Libertadas da necessidade de basear a política em uma posição supostamente privilegiada com relação à experiência da opressão, incorporando, nesse processo, todas as outras dominações, podemos, da perspectiva dos ciborgues, vislumbrar possibilidades extremamente potentes. Os feminismos e os marxismos têm dependido dos imperativos epistemológicos ocidentais para construir um sujeito revolucionário, a partir da perspectiva que supõe existir uma hierarquia entre diversos tipos de opressões e/ou a partir de uma posição latente de superioridade moral, de inocência e de uma maior proximidade com a natureza.

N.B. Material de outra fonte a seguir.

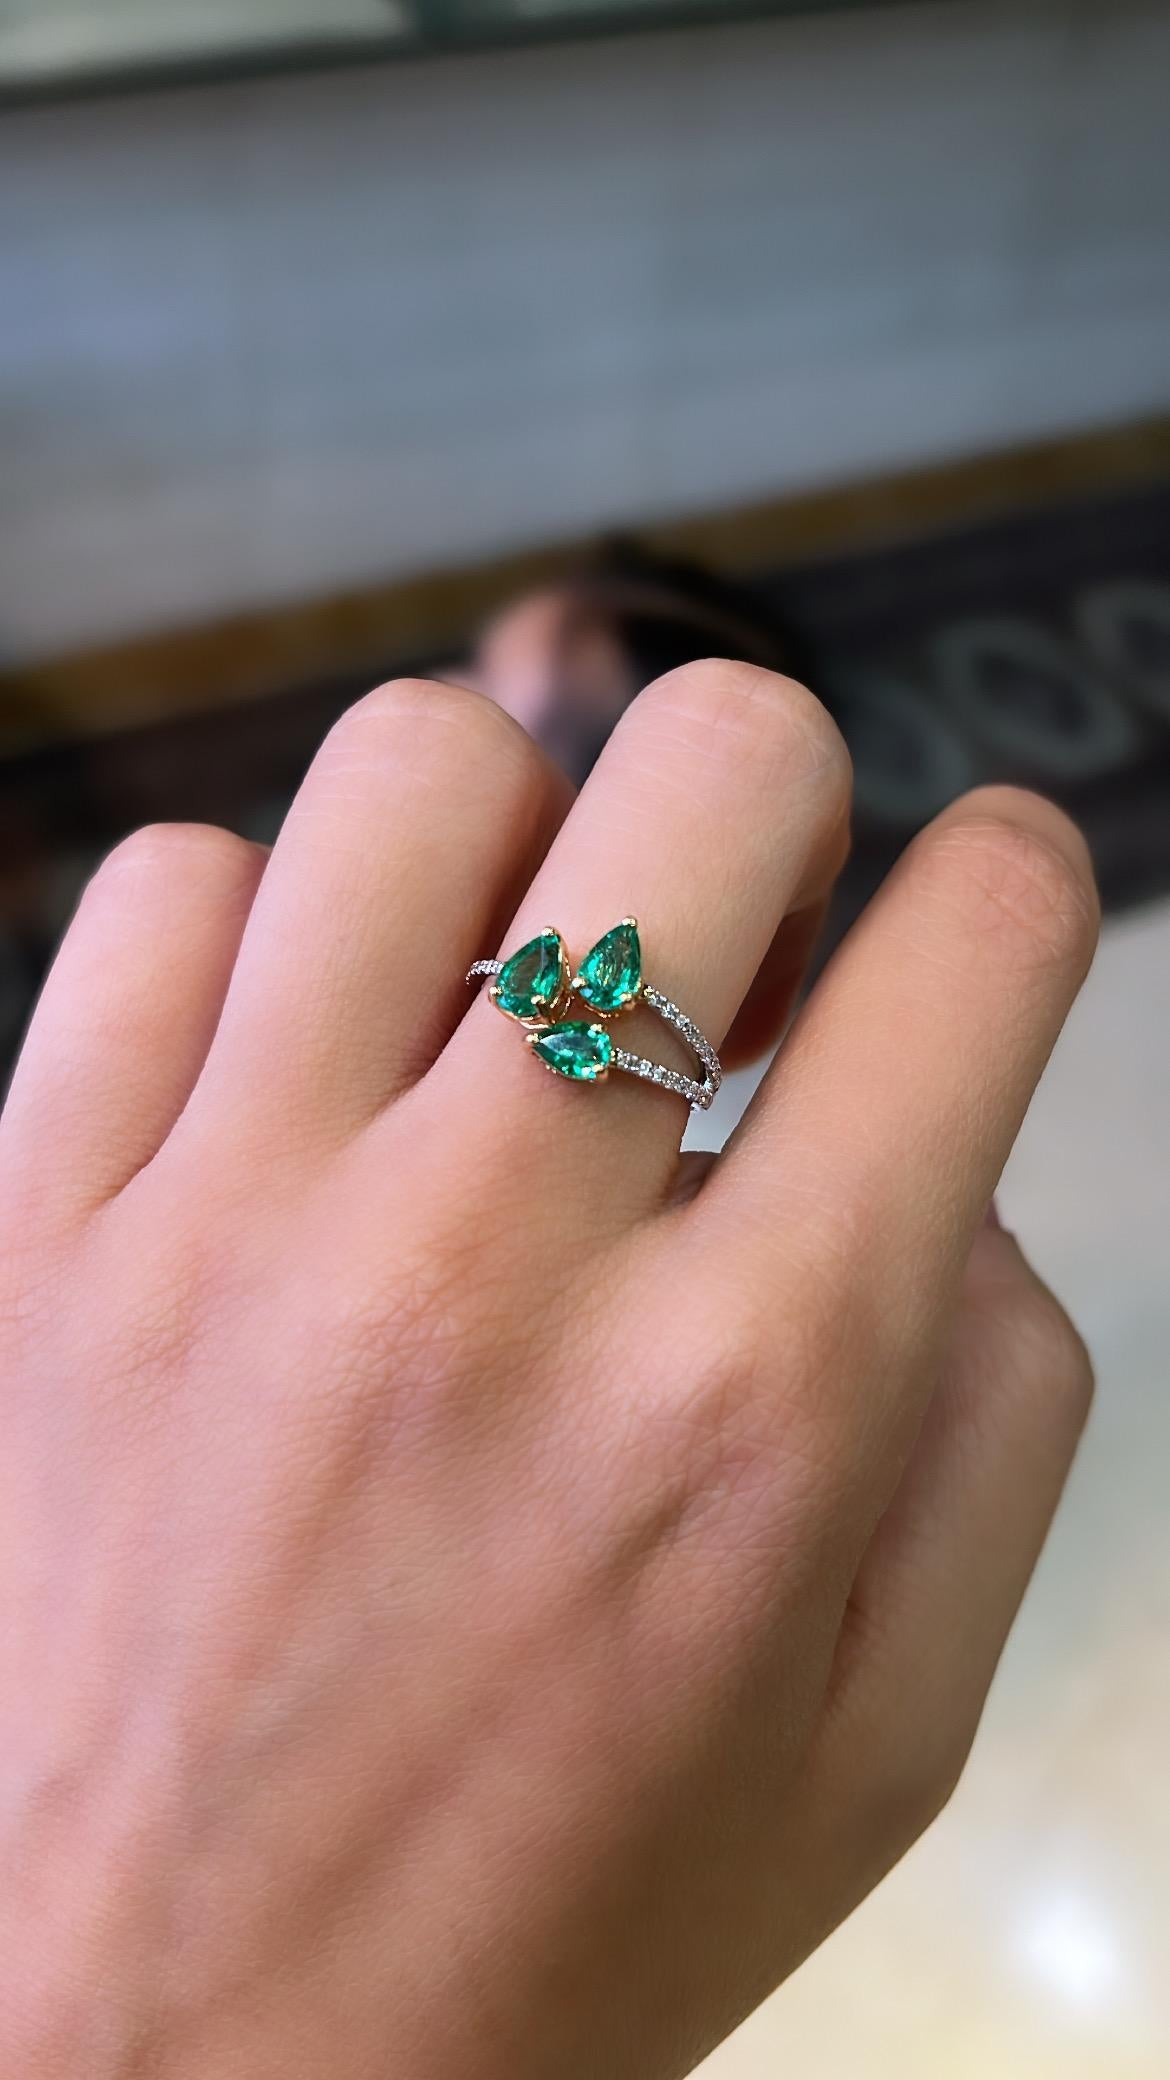 Ein sehr zierlicher und schöner Smaragd-Cocktail/Dreistein-Ring in 18K Gold & Diamanten. Das Gewicht der Smaragde beträgt 1,04 Karat. Die Smaragde sind völlig natürlich, ohne jegliche Behandlung und sind sambischen Ursprungs. Das Gewicht der
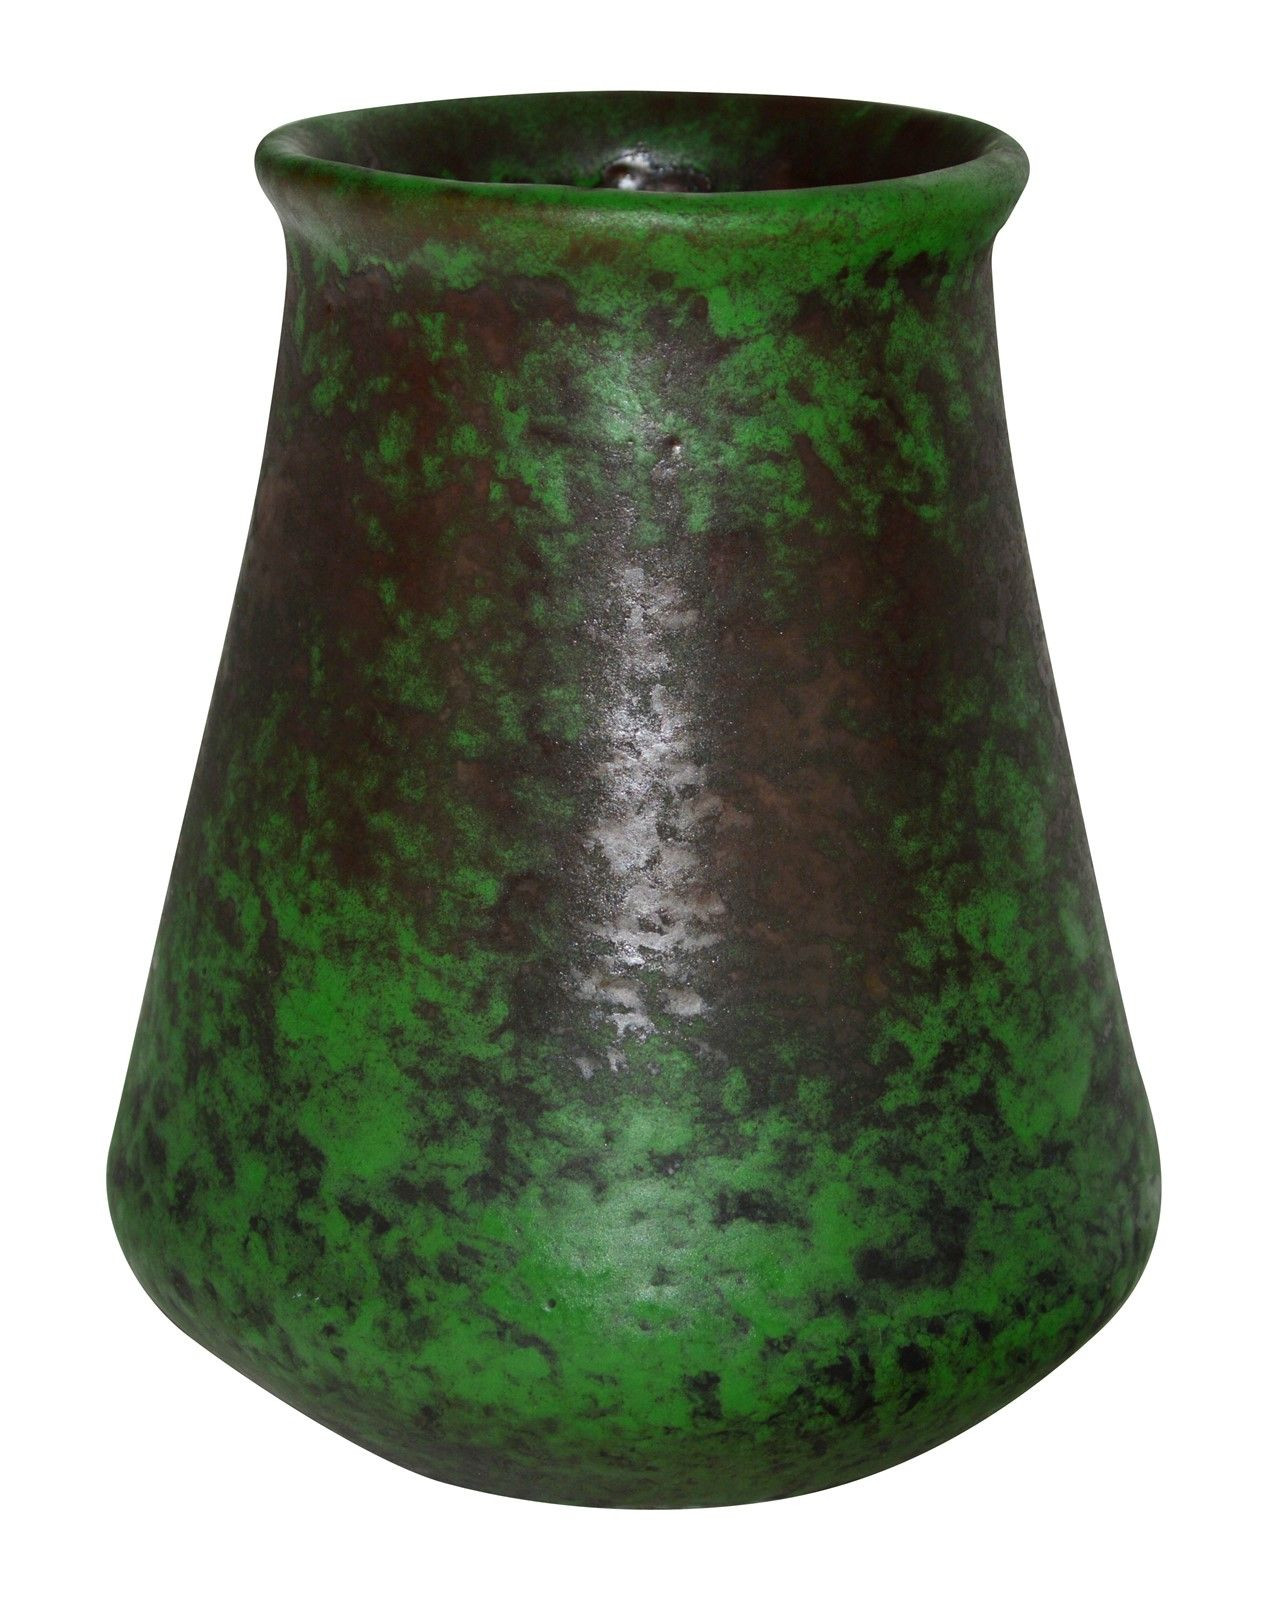 25 Stunning Matte Green Vase 2023 free download matte green vase of weller pottery coppertone bulbous base vase odds and ends regarding weller pottery coppertone bulbous base vase

Sem poder mais contar com nenhum sonho original relativamente a uma linguagem comum, nem com uma simbiótica natural que prometa uma proteção da separação “masculina” hostil, estamos escritas no jogo de um texto que não tem nenhuma leitura finalmente privilegiada nem qualquer história de salvação. Isso faz com que nos reconheçamos como plenamente implicadas no mundo, libertando-nos da necessidade de enraizar a política na identidade, em partidos de vanguarda, na pureza e na maternidade. Despida da identidade, a raça bastarda ensina sobre o poder da margem e sobre a importância de uma mãe como Malinche. As mulheres de cor transformam-na, de uma mãe diabólica, nascida do medo masculinista, em uma mãe originalmente alfabetizada que ensina a sobrevivência. (p. 89)
Ciborgues da vida real x mitos originários
Mas existe um outro caminho para ter menos coisas em jogo na autonomia masculina, um caminho que não passa pela Mulher, pelo Primitivo, pelo Zero, pela Fase do Espelho e seu imaginário. Passa pelas mulheres e por outros ciborgues no tempo-presente, ilegítimos, não nascidos da Mulher, que recusam os recursos ideológicos da vitimização, de modo a ter uma vida real. [[...]] Esses ciborgues da vida real (por exemplo, as mulheres trabalhadoras de uma aldeia do sudeste asiático, nas empresas eletrônicas japonesas e estadunidenses descritas por Aihwa Ong) estão ativamente reescrevendo os textos de seus corpos e sociedades. A sobrevivência é o que está em questão nesse jogo de leituras. (p. 90)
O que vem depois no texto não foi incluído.